Every line from the one with "Asiatische Architektur bei" up to and including the one with "KVMスイッチ KVM-NVXSN4 パソコン" is to be output exactly as it appears below; pictures are not.

==== Information supplied ====

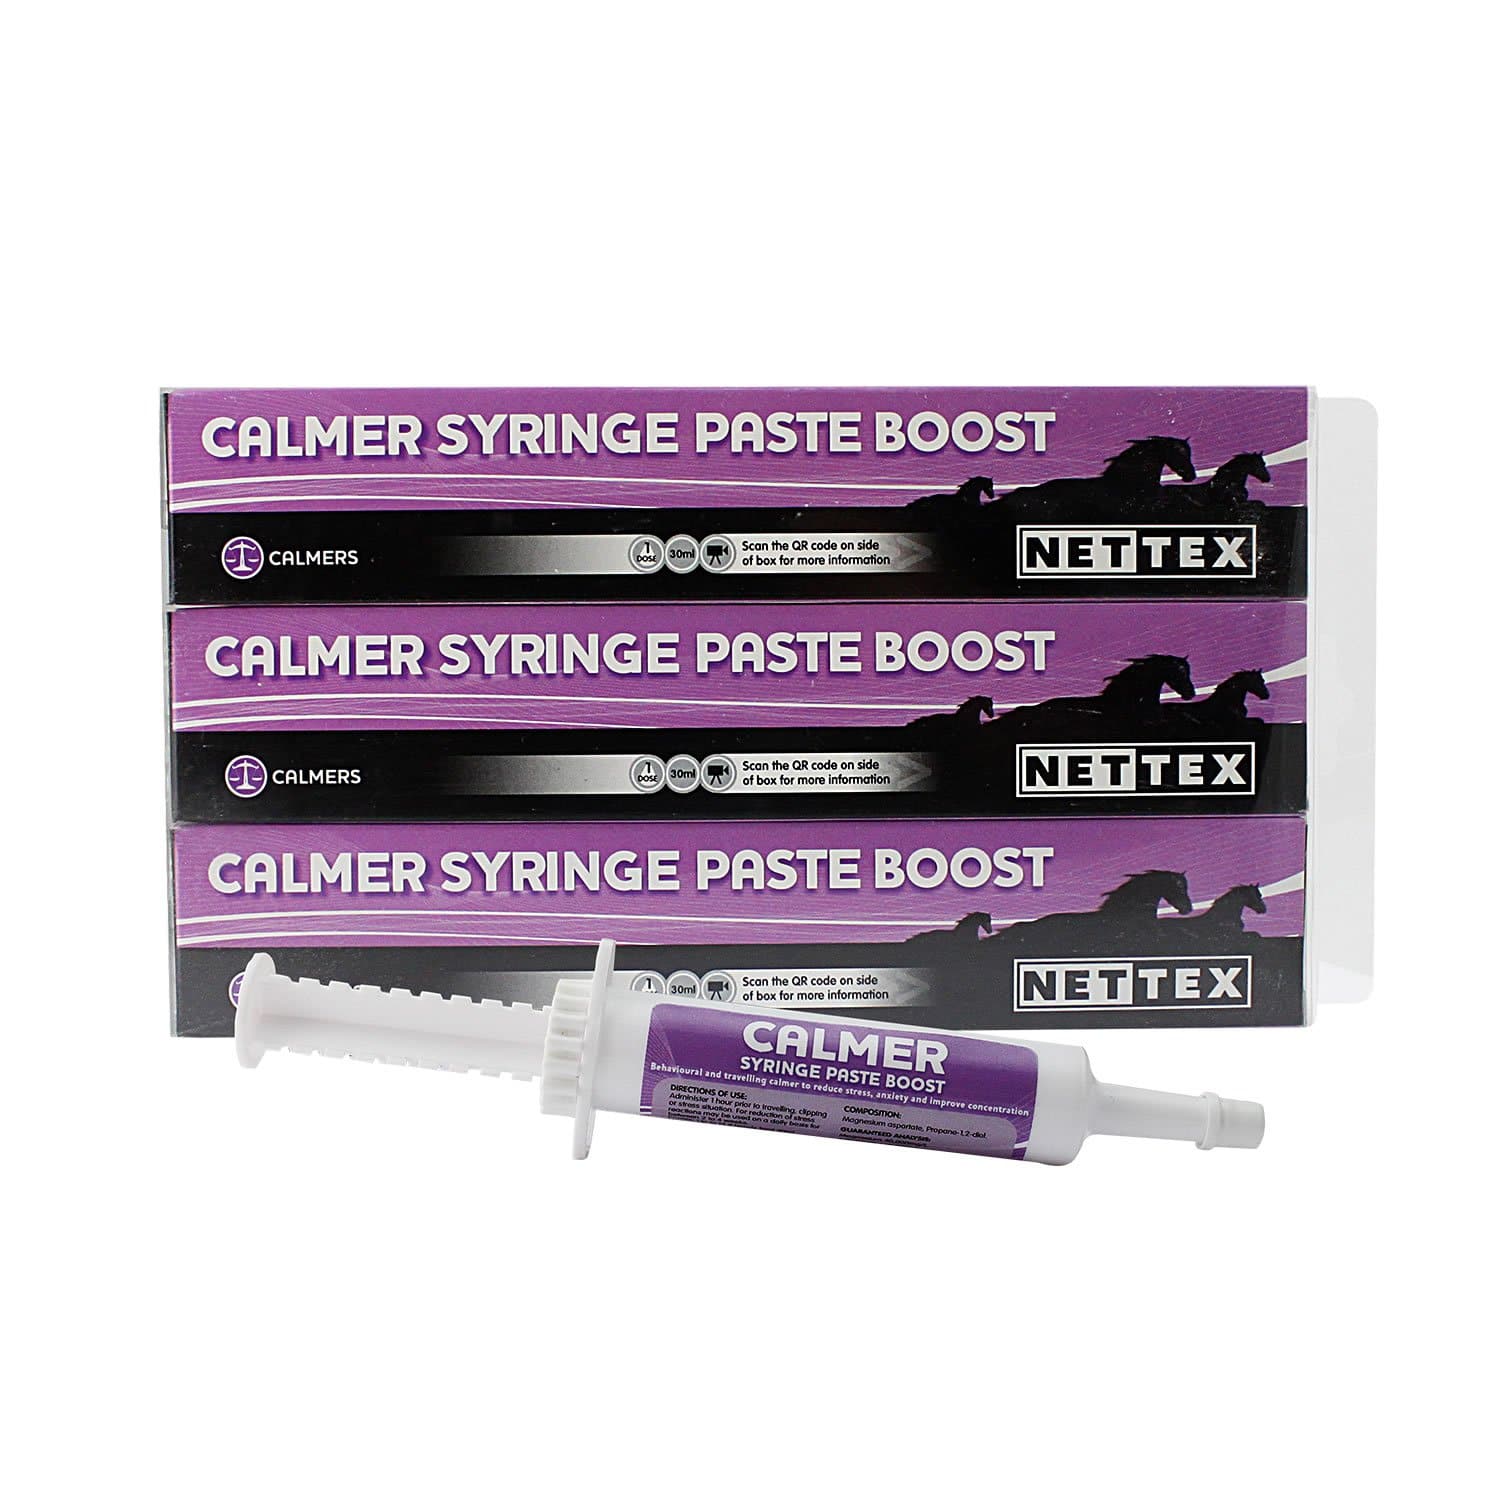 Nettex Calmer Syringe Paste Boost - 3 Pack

====
==== Information supplied ====

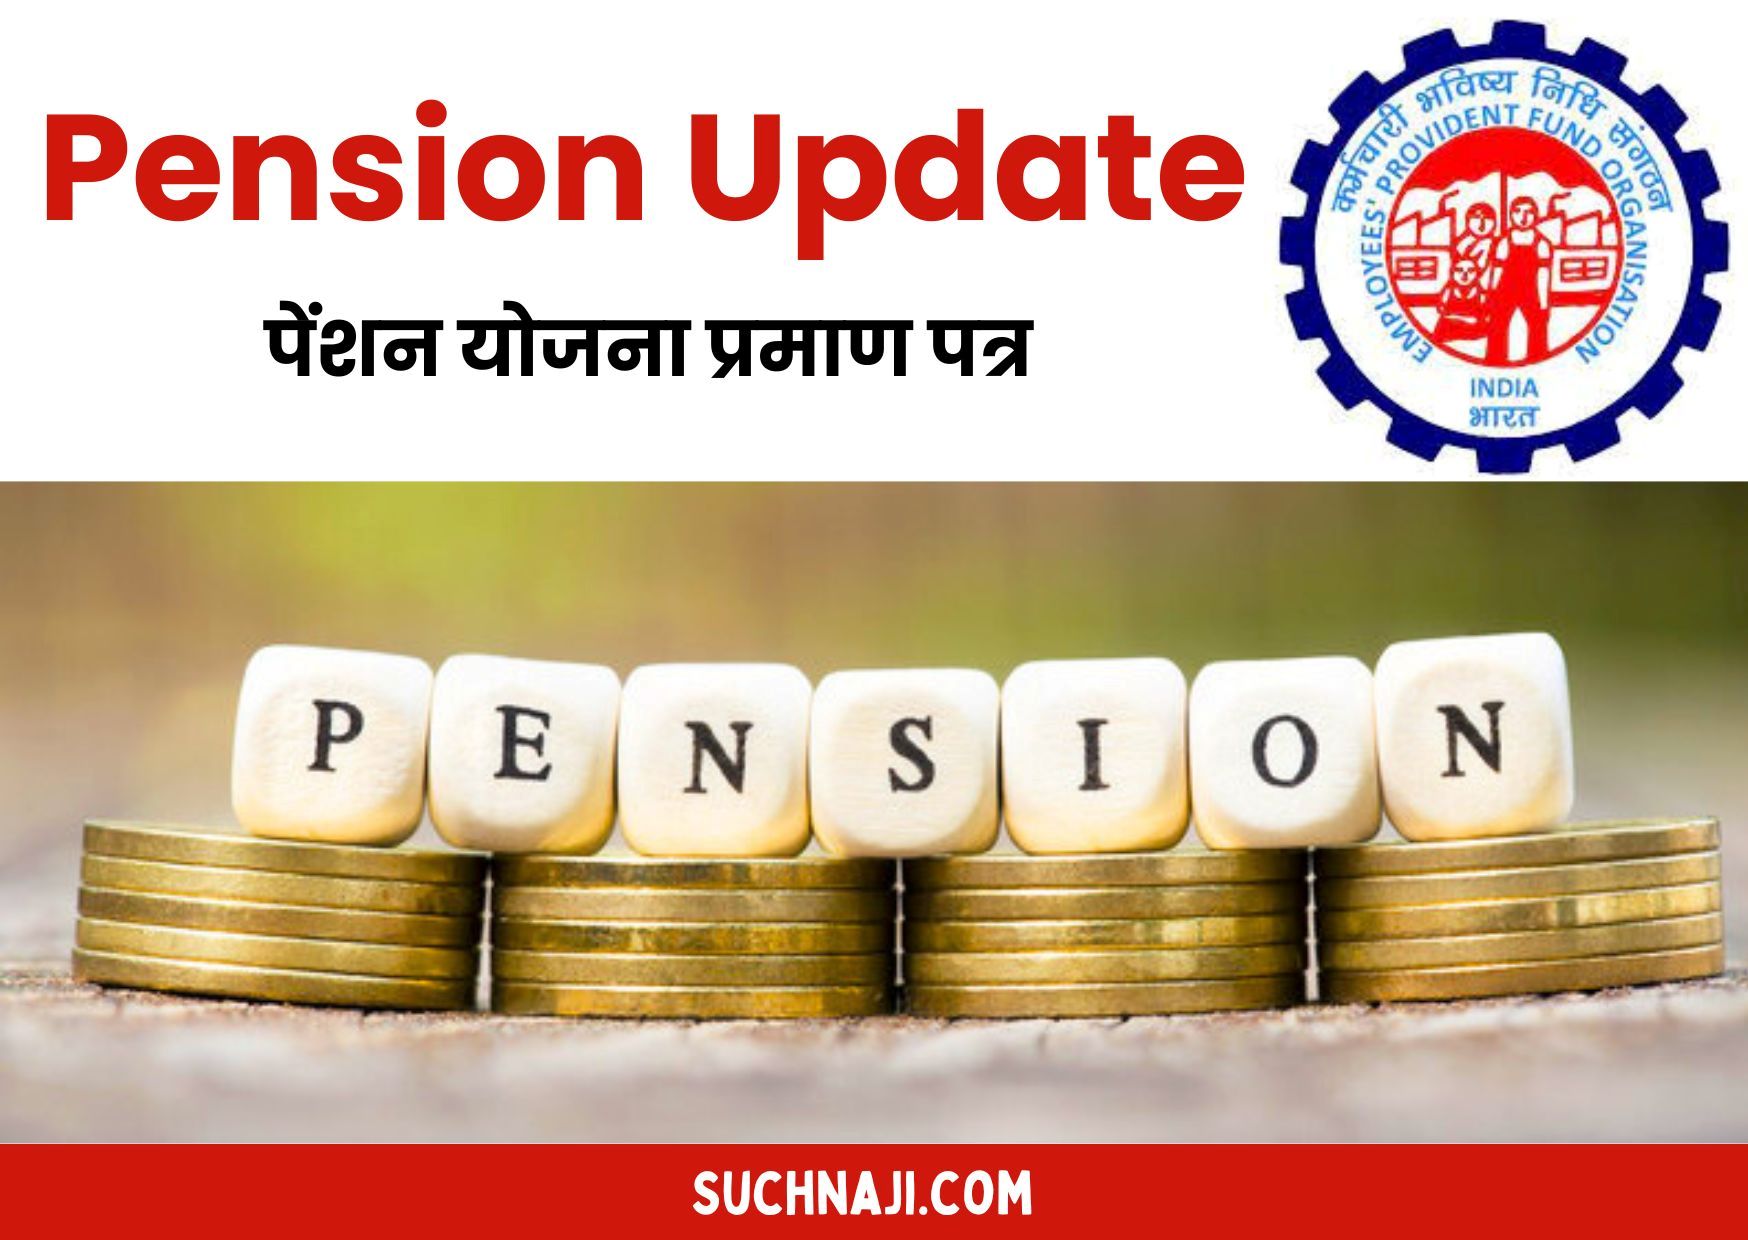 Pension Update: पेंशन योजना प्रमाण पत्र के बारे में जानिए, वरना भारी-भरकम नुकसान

====
==== Information supplied ====

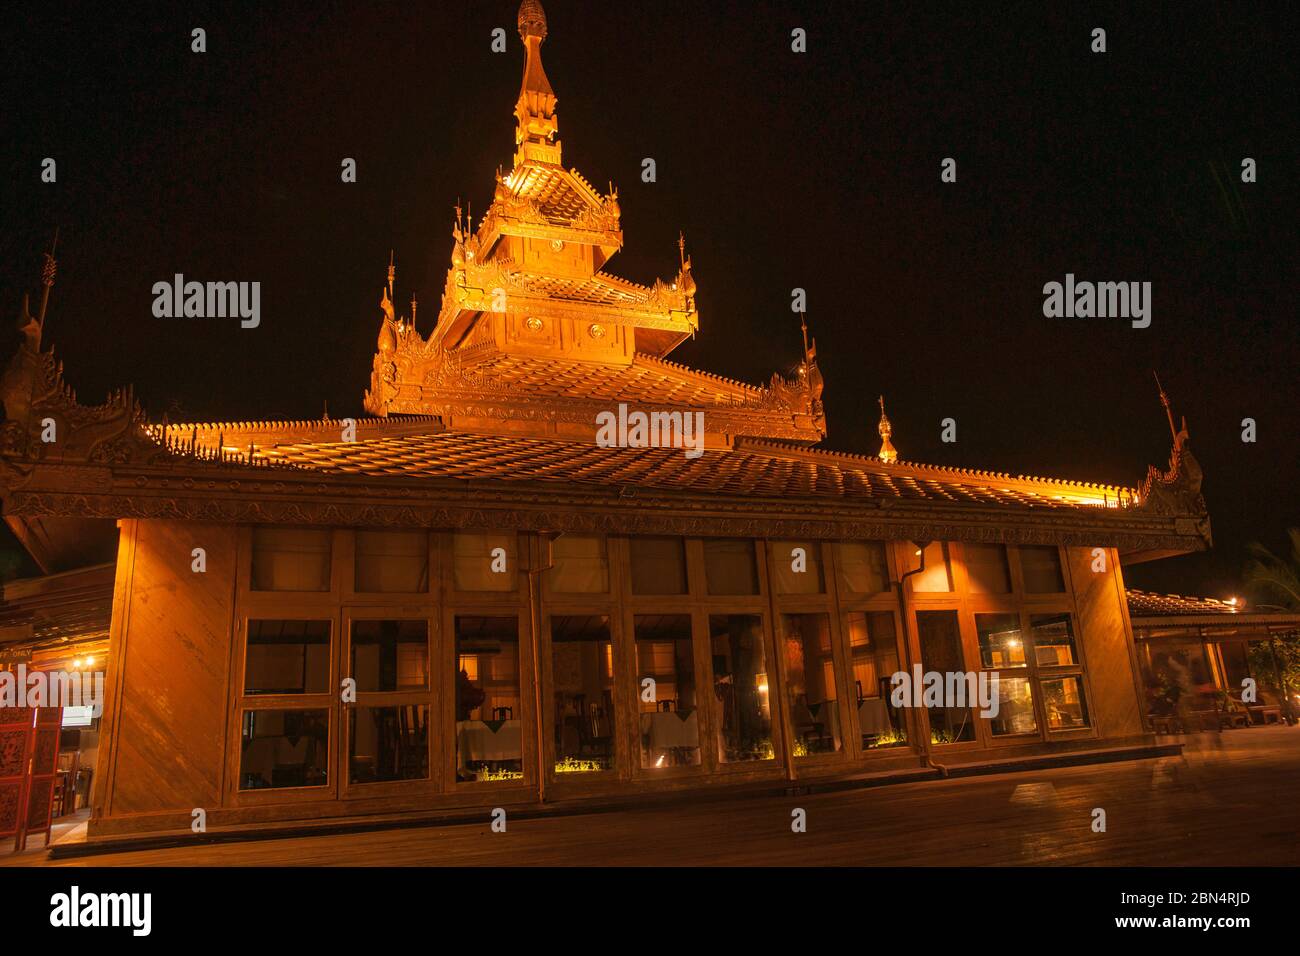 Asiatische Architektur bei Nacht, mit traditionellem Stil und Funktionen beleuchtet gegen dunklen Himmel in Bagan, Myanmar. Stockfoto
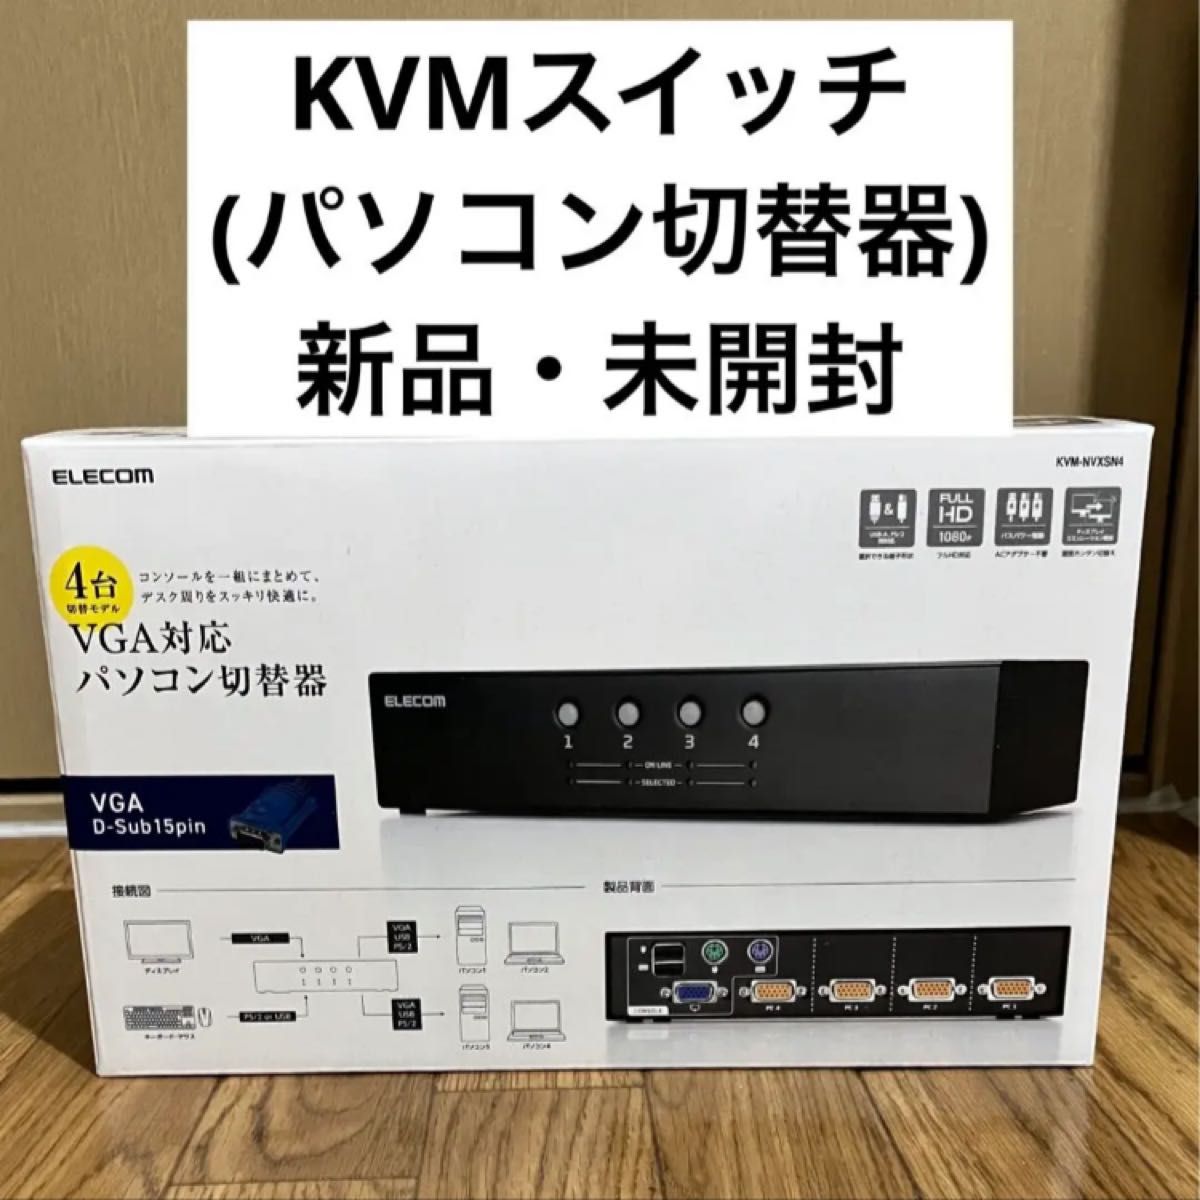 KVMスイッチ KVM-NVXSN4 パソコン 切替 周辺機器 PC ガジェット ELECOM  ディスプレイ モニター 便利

====

Solution for this exercise:
 Asiatische Architektur bei Nacht, mit traditionellem Stil und Funktionen beleuchtet gegen dunklen Himmel in Bagan, Myanmar. Stockfoto
 KVMスイッチ KVM-NVXSN4 パソコン 切替 周辺機器 PC ガジェット ELECOM  ディスプレイ モニター 便利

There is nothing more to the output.